▶ _Data provided_
=====
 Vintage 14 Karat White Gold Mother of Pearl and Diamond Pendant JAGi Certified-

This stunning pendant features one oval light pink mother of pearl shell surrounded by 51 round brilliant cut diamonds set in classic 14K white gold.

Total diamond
=====
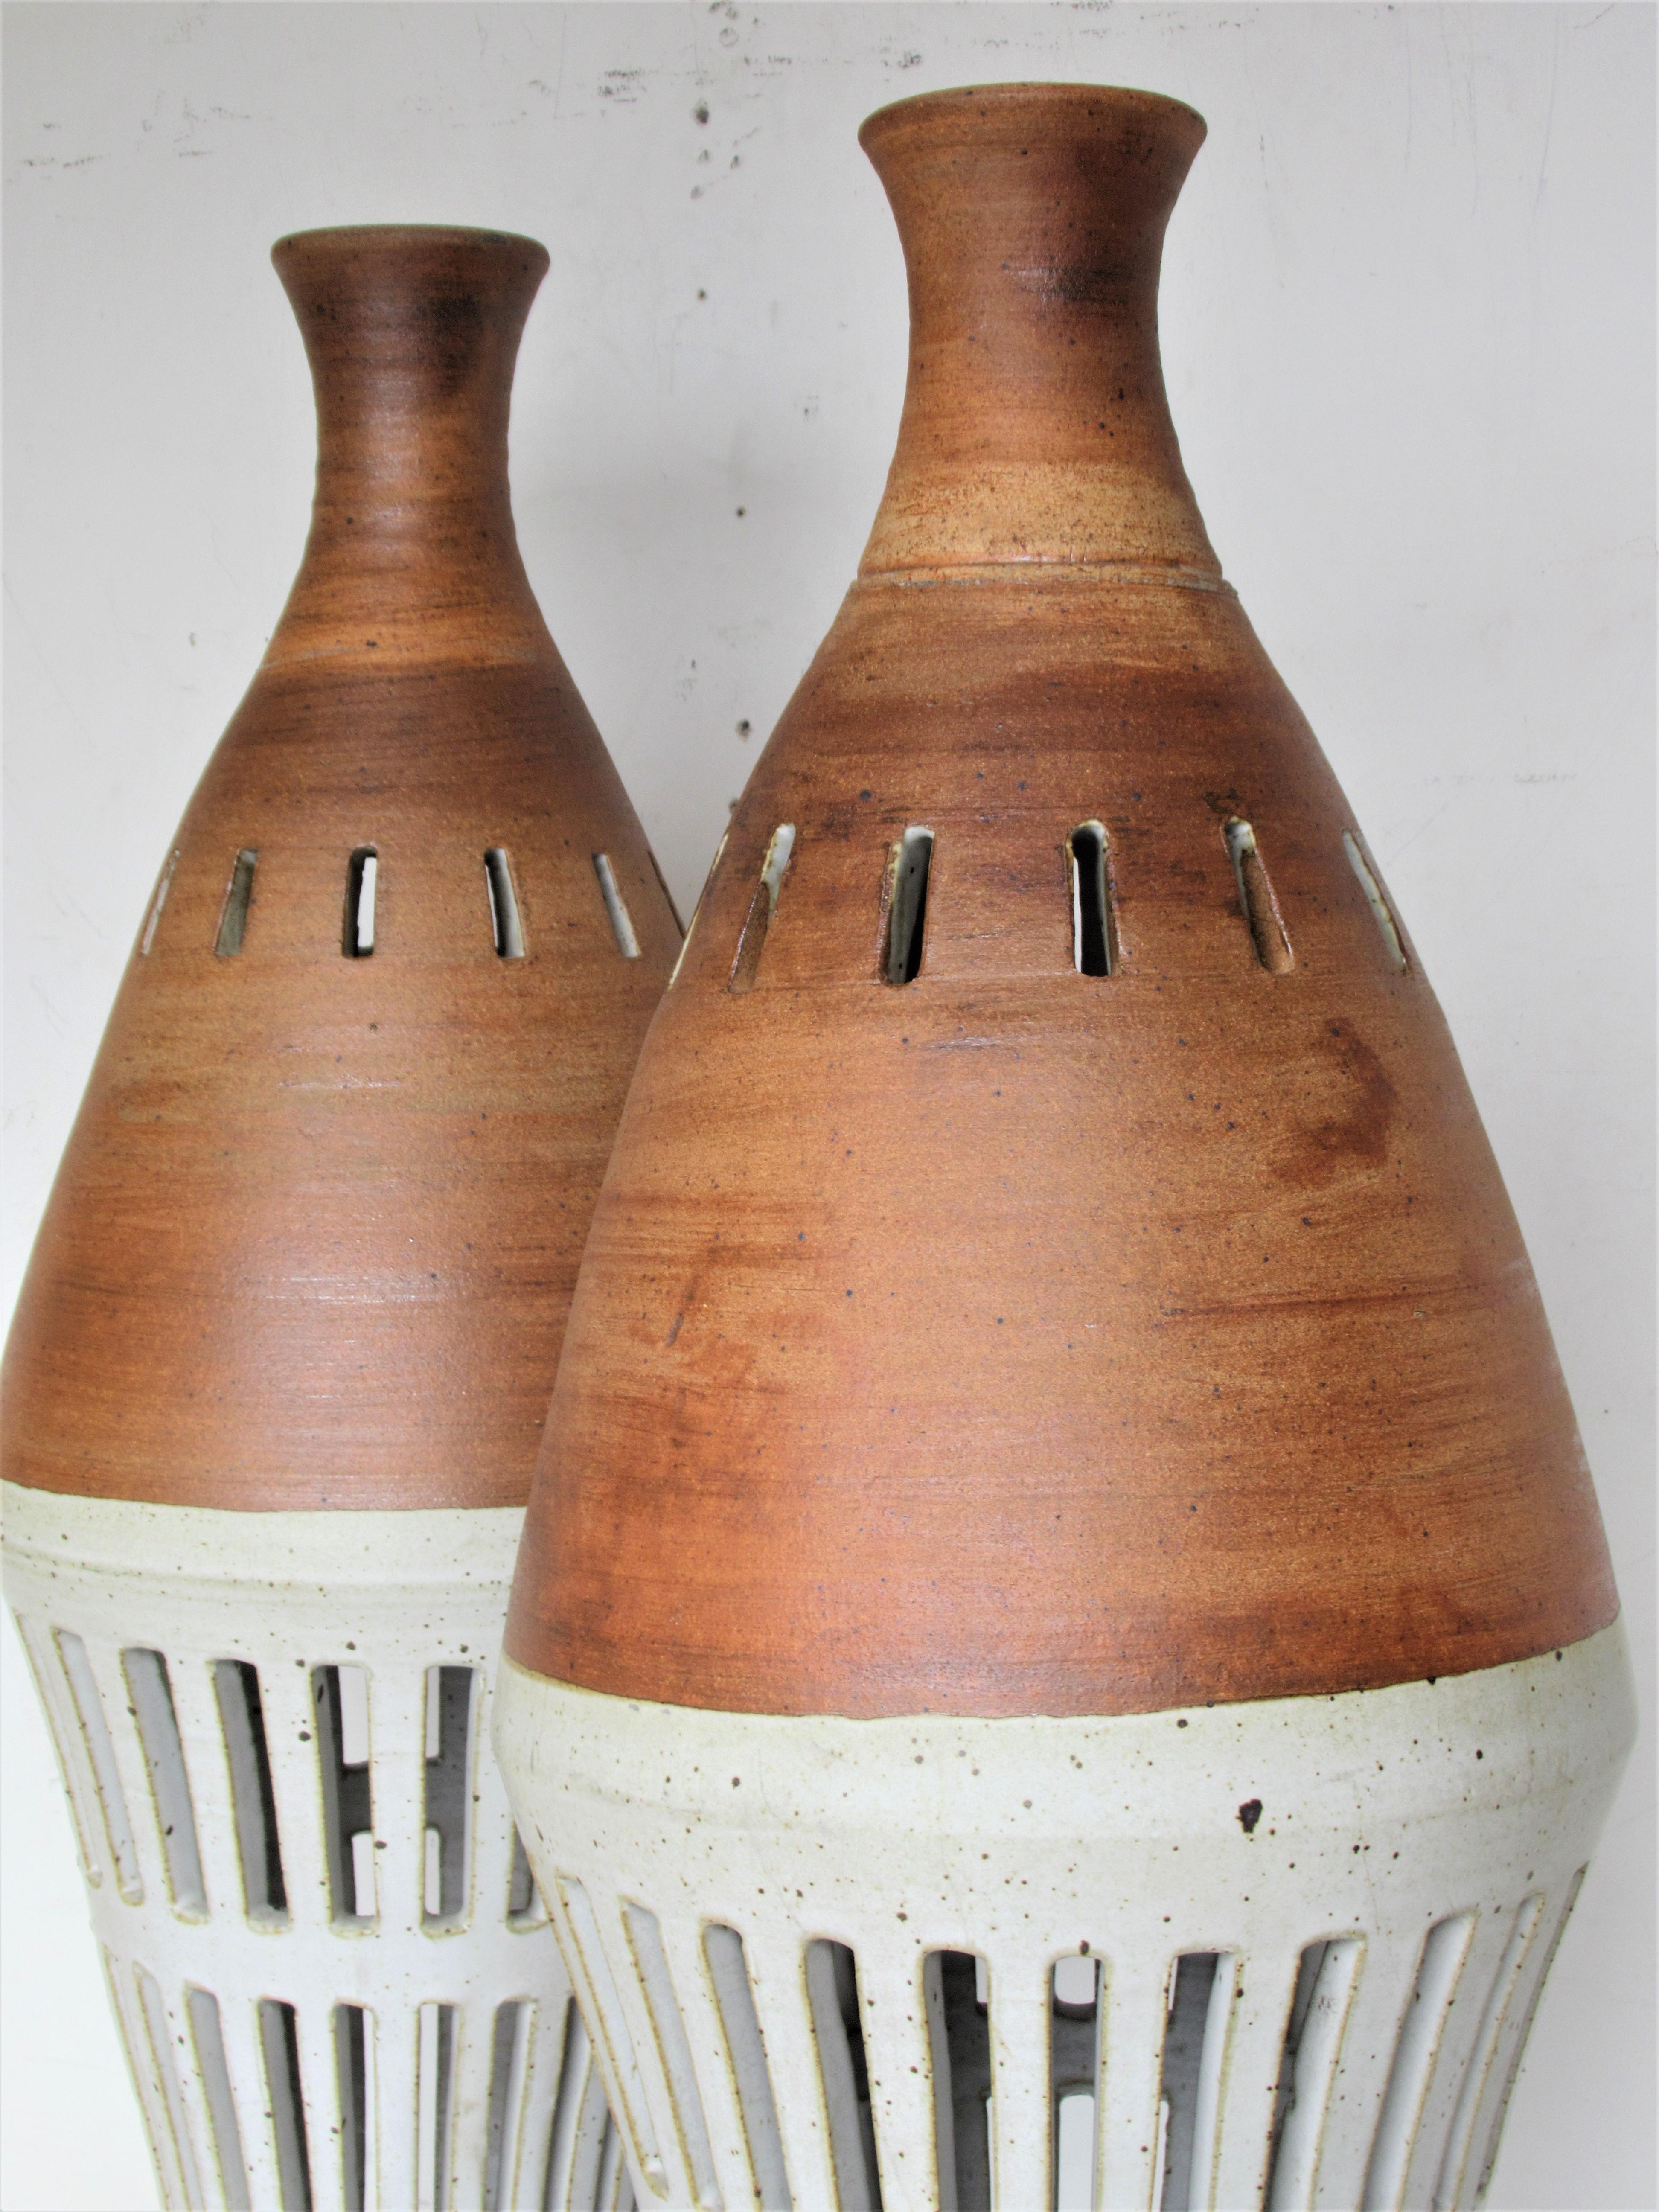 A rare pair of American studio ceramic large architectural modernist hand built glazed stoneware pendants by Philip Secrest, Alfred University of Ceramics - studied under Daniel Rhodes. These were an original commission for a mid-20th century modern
=====
▶ _Aim of the task_
When the line with "This stunning pendant" is reached in the data above, start copying there, and copy each line exactly until the line with "Total diamond" has been copied; copy nothing else.

▶ _Solved exercise_
This stunning pendant features one oval light pink mother of pearl shell surrounded by 51 round brilliant cut diamonds set in classic 14K white gold.

Total diamond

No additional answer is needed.